- **WHAT TO PRODUCE**: The reply should reproduce every line of the data below word for word, minus any images.

- **DATASET SECTION**:
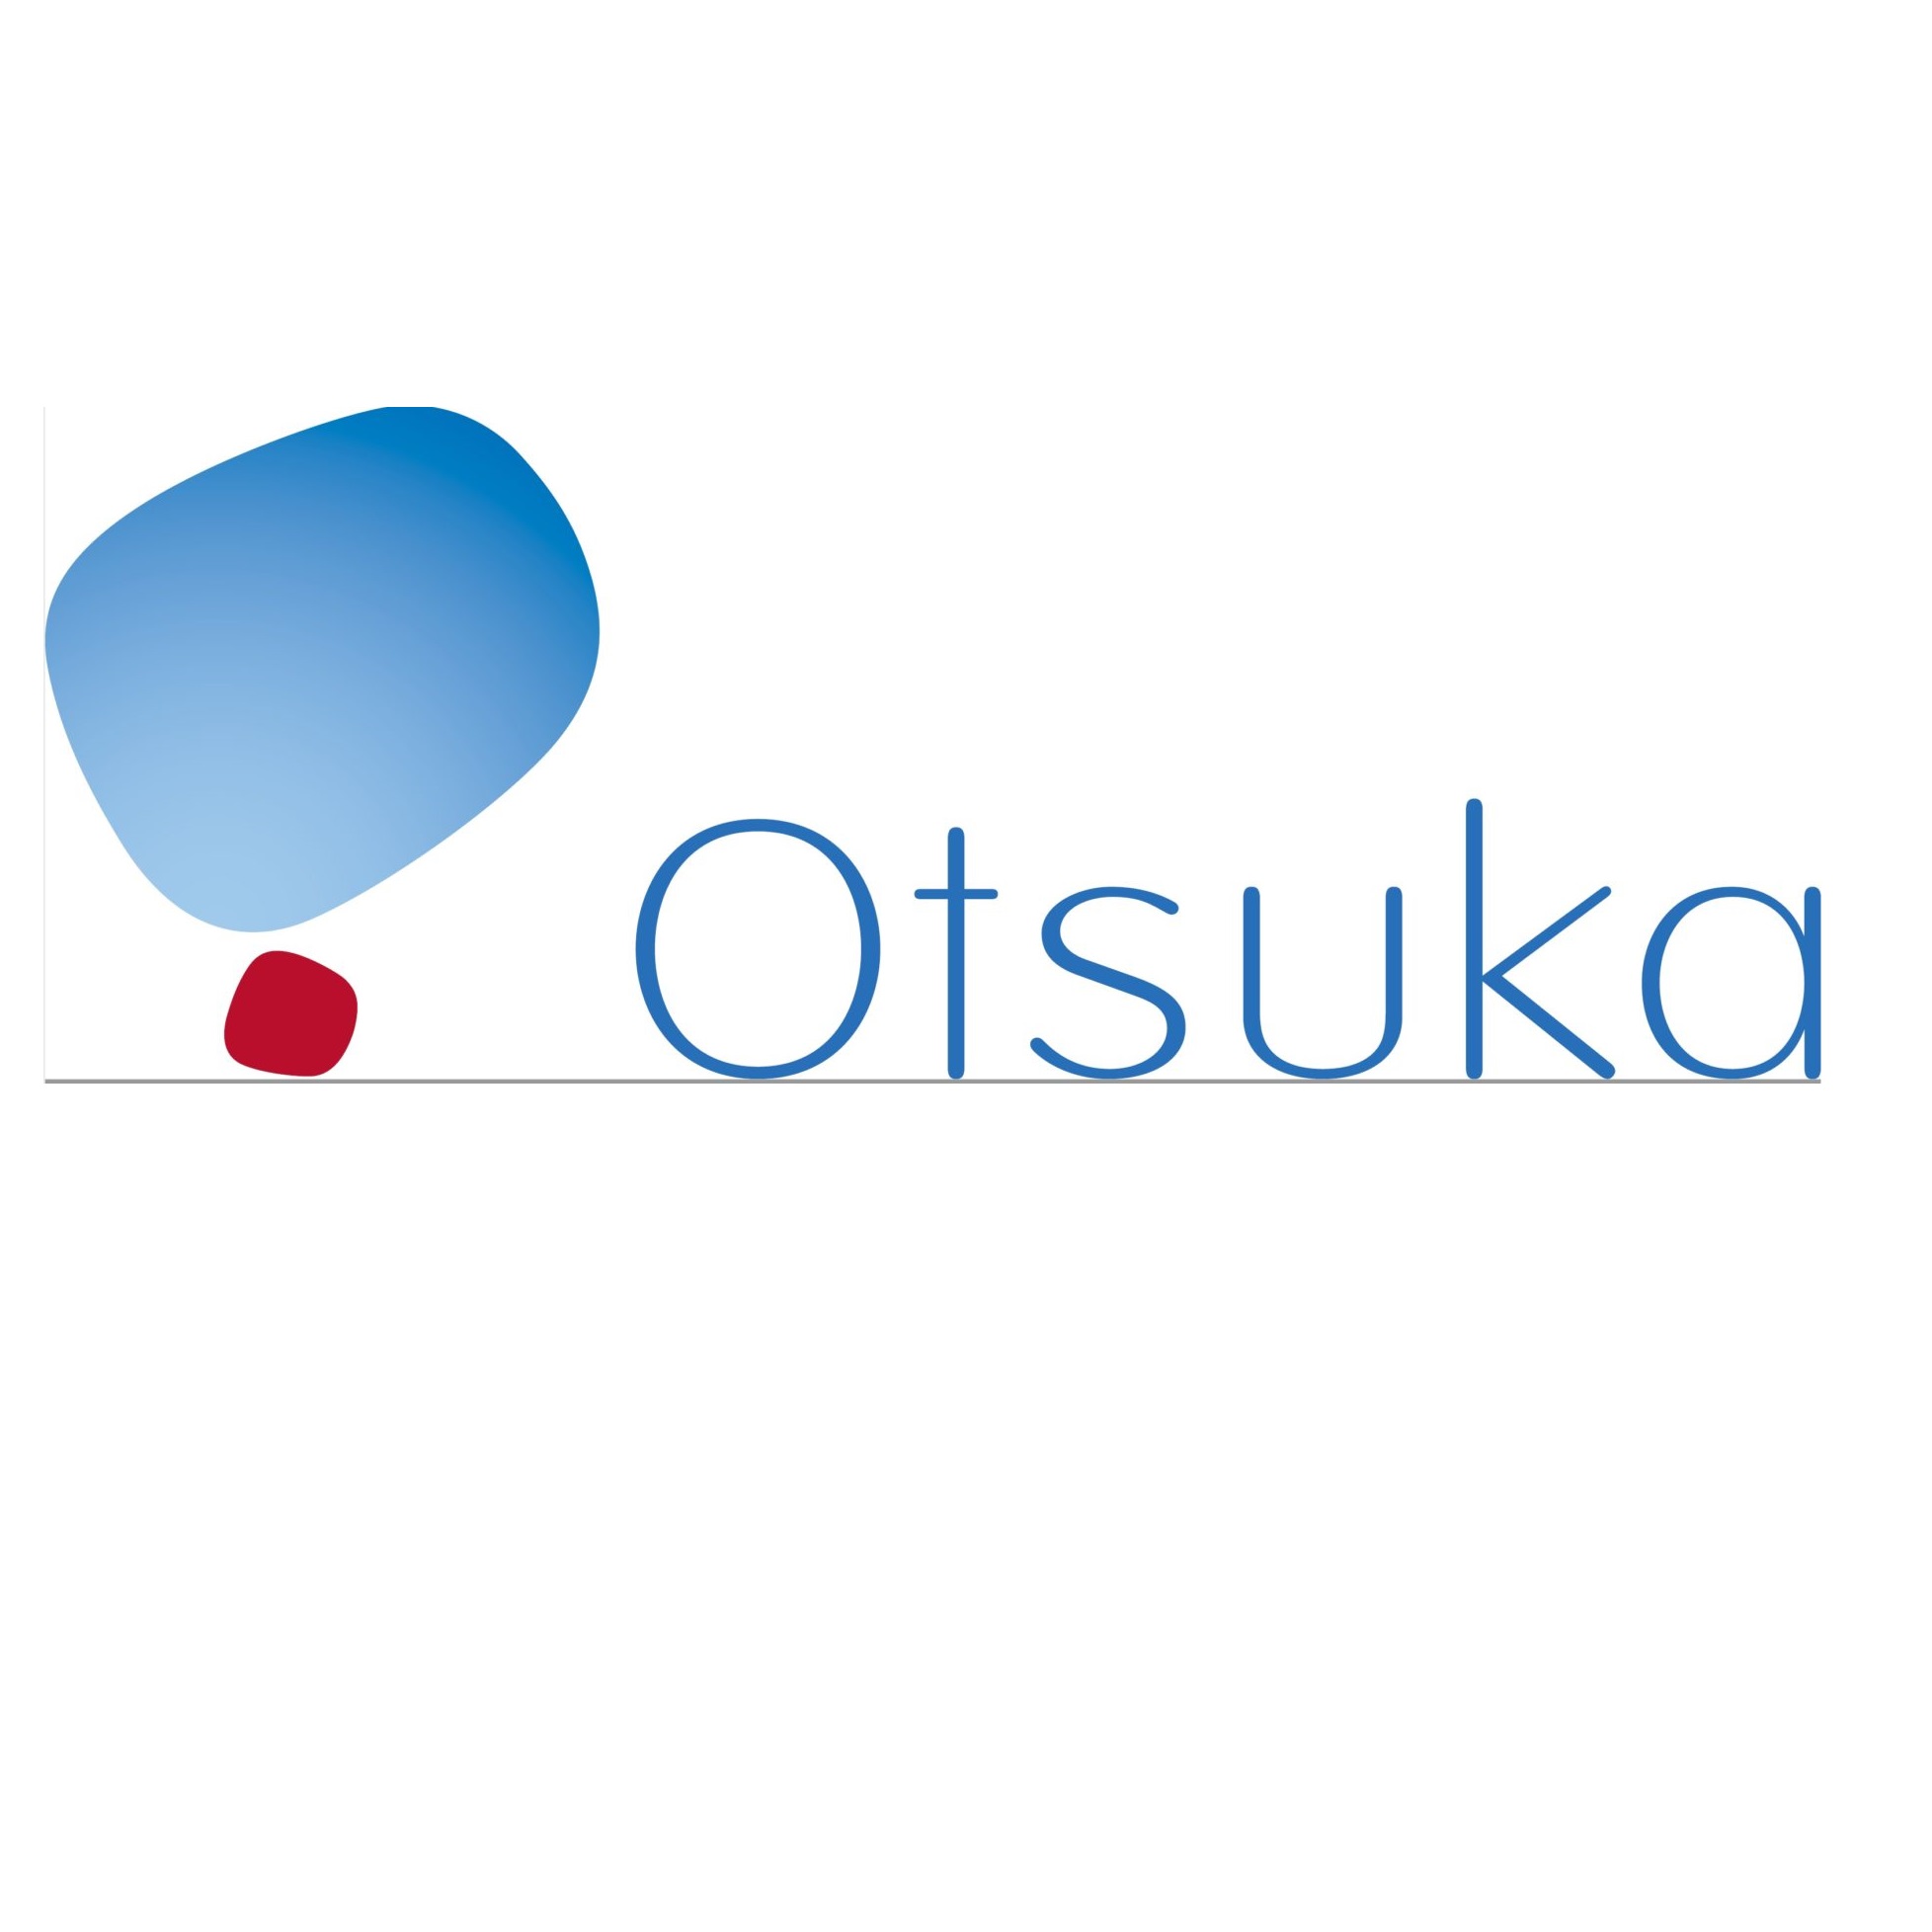 Otsuka pharmaceutical company
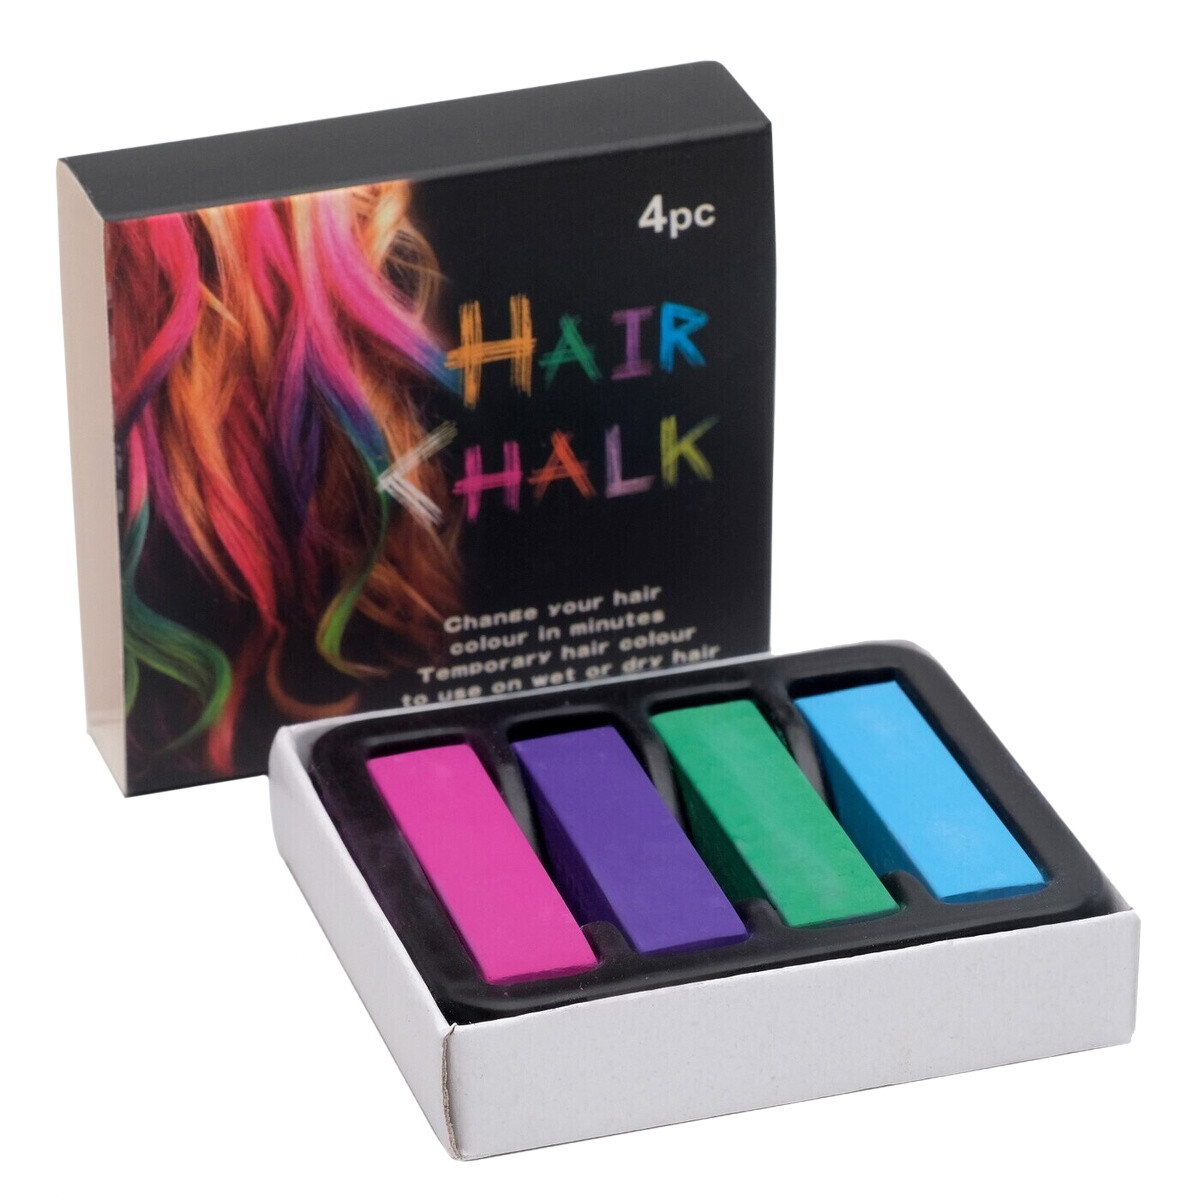 Цветные мелки для волос HairChalkin, набор 4 штук о младенцах преждевременно похищаемых смертью
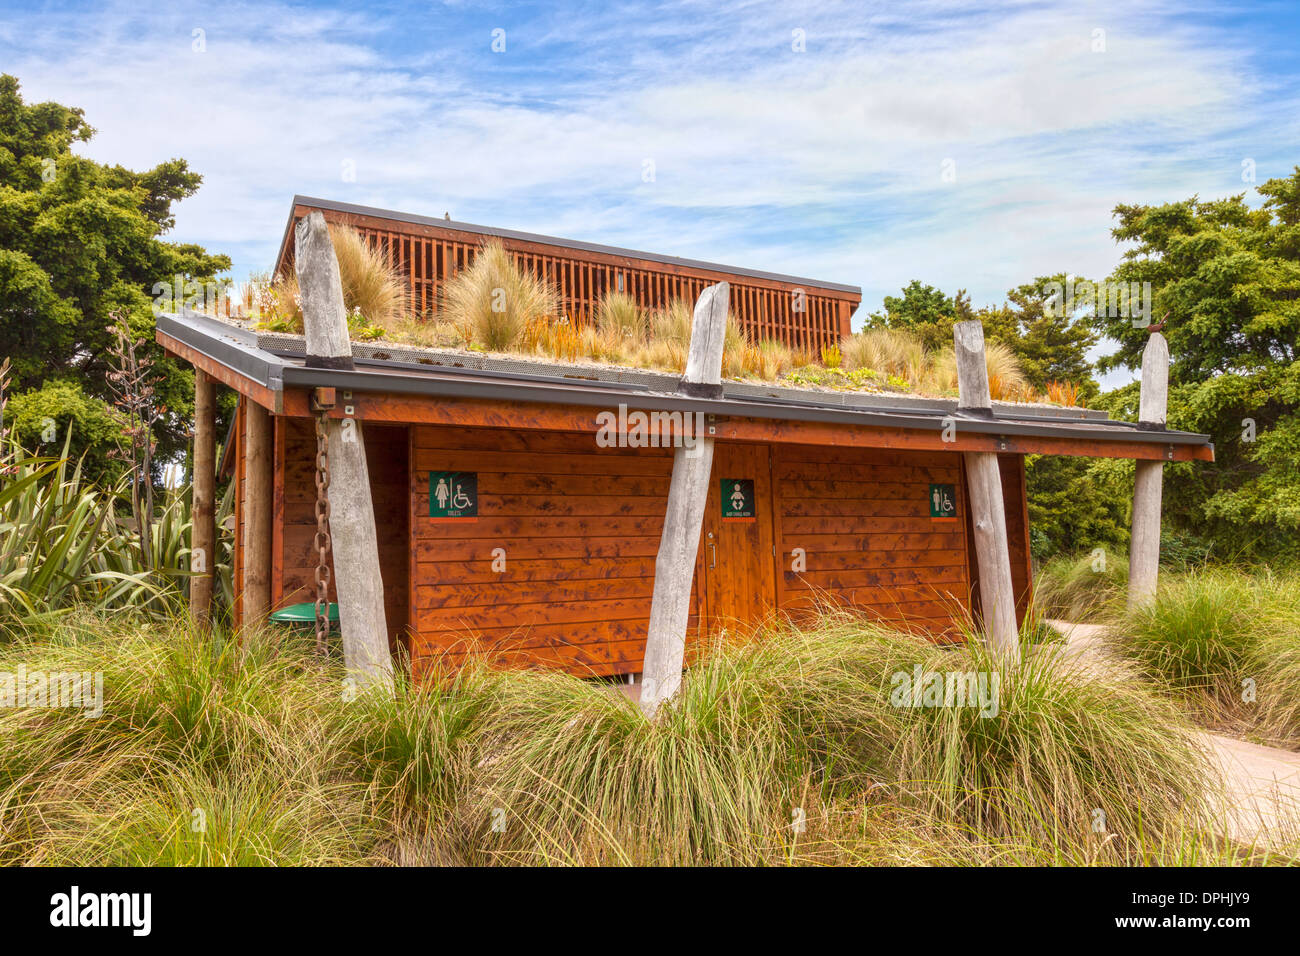 Bloc sanitaire avec toit végétal, Auckland Botanic Gardens. Le toit végétal absorbe l'eau de pluie, tout... Banque D'Images

- **RESPONSE**:
 Otsuka pharmaceutical company
 Цветные мелки для волос HairChalkin, набор 4 штук о младенцах преждевременно похищаемых смертью
 Bloc sanitaire avec toit végétal, Auckland Botanic Gardens. Le toit végétal absorbe l'eau de pluie, tout... Banque D'Images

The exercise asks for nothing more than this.